• INSTRUCTIONS TO FOLLOW:
Taking the listing below, restate word for word each line from the line with "Nico Salas: Rosas en mi jardin" to the line with "篮球 裁判 分层 ps海报 宣传海报 源文件 模板下载 篮球裁判 psd源文件", ends included, and stop there.

• RECORDED DATA:
☆ ☆ ☆ ☆

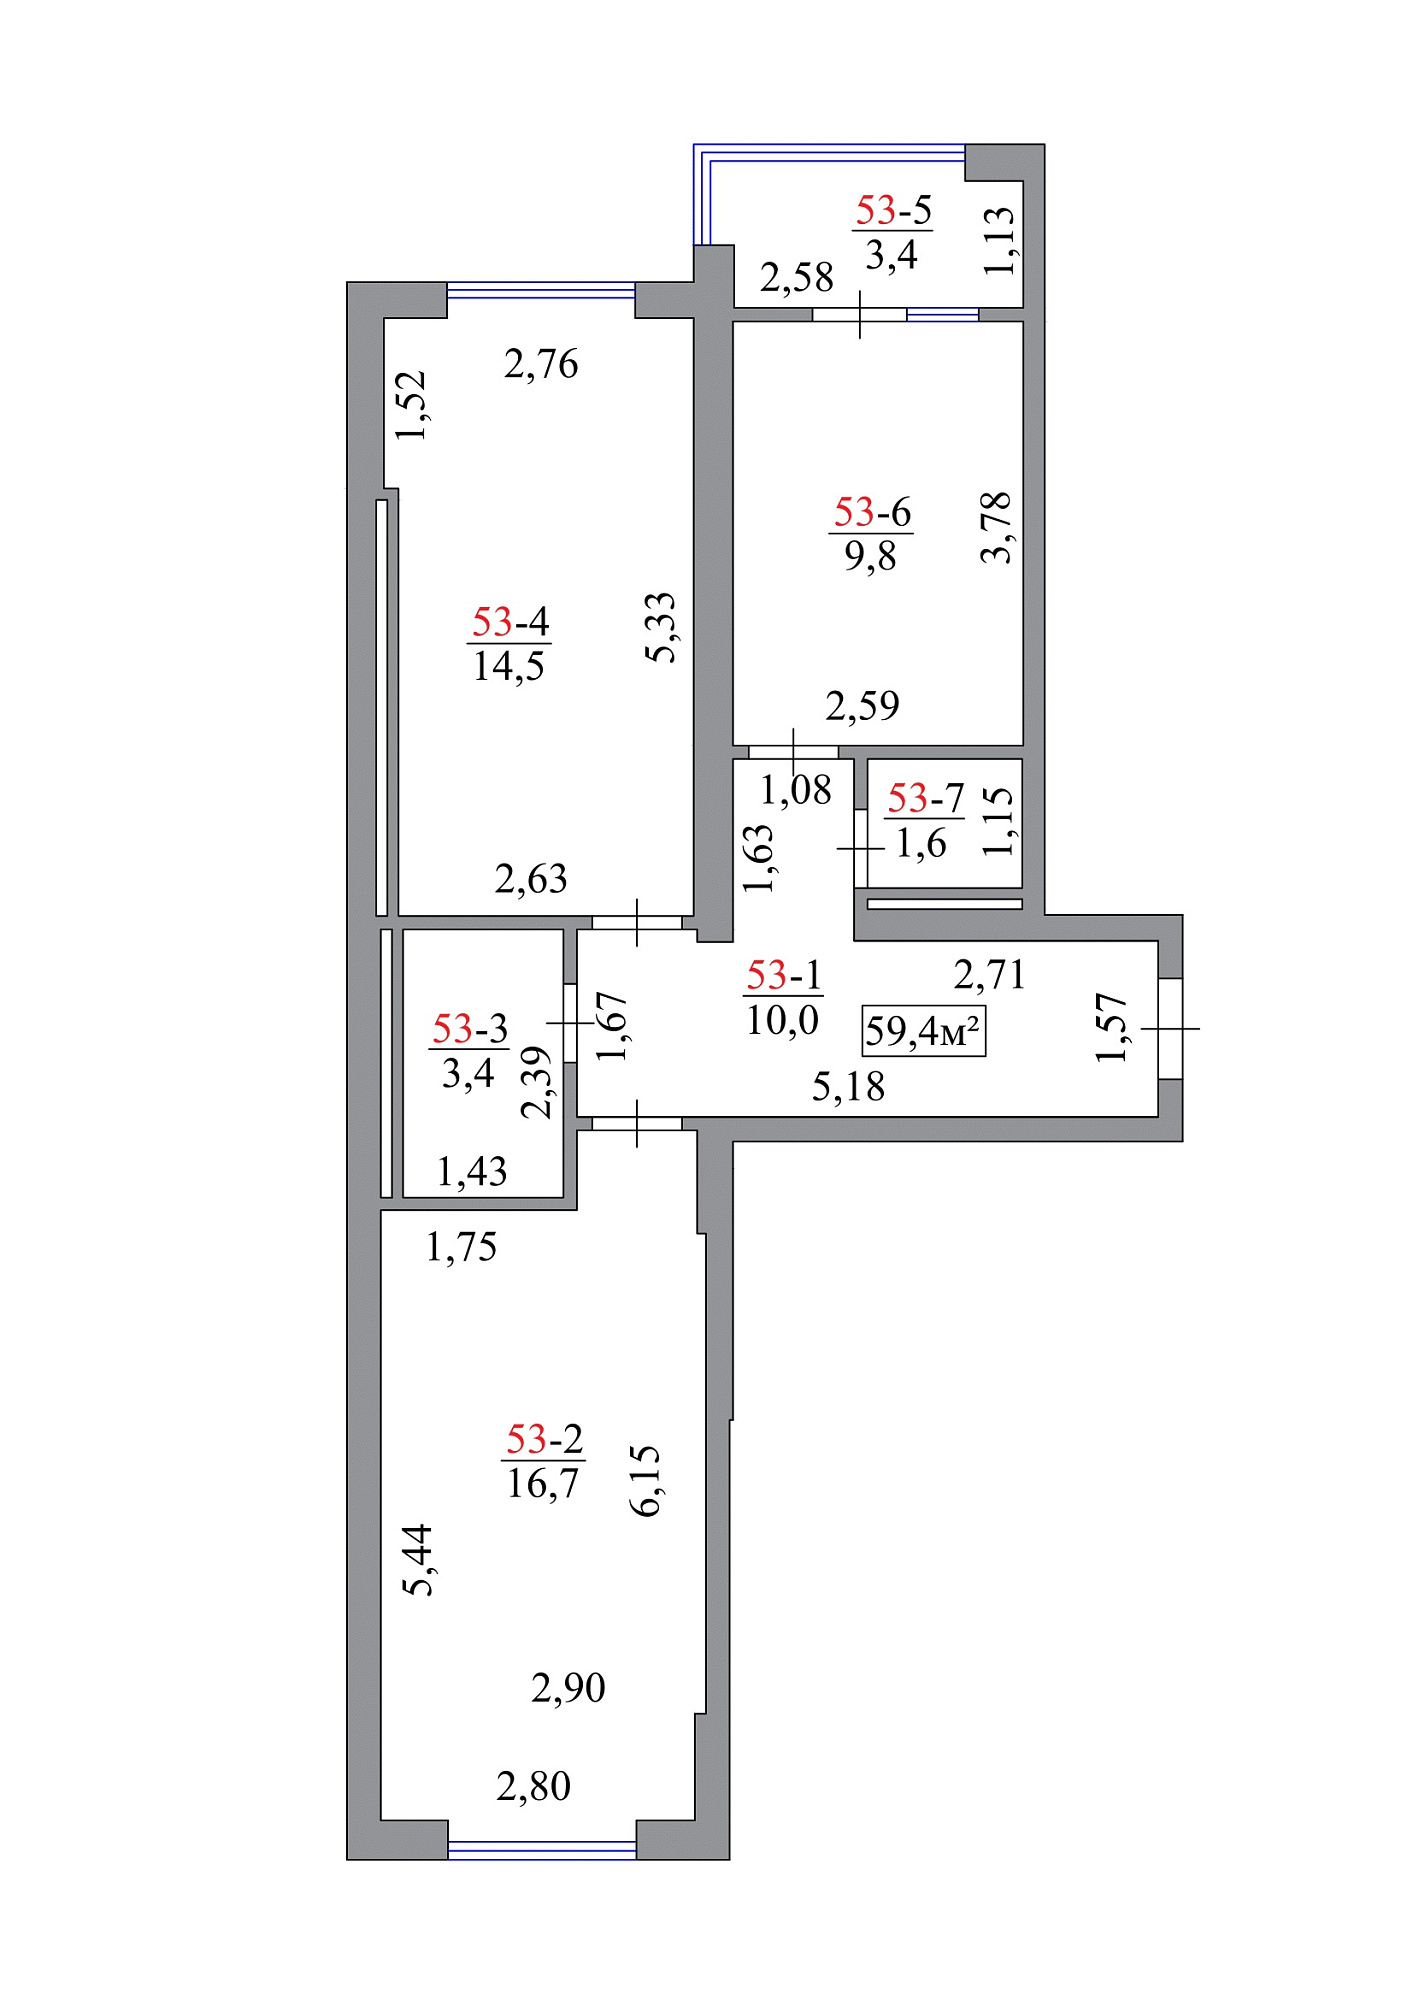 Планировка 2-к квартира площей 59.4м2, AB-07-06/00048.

☆ ☆ ☆ ☆

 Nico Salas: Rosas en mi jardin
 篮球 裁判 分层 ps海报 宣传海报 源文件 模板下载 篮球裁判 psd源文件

☆ ☆ ☆ ☆

• ANSWER TO THE EXERCISE:
 Nico Salas: Rosas en mi jardin
 篮球 裁判 分层 ps海报 宣传海报 源文件 模板下载 篮球裁判 psd源文件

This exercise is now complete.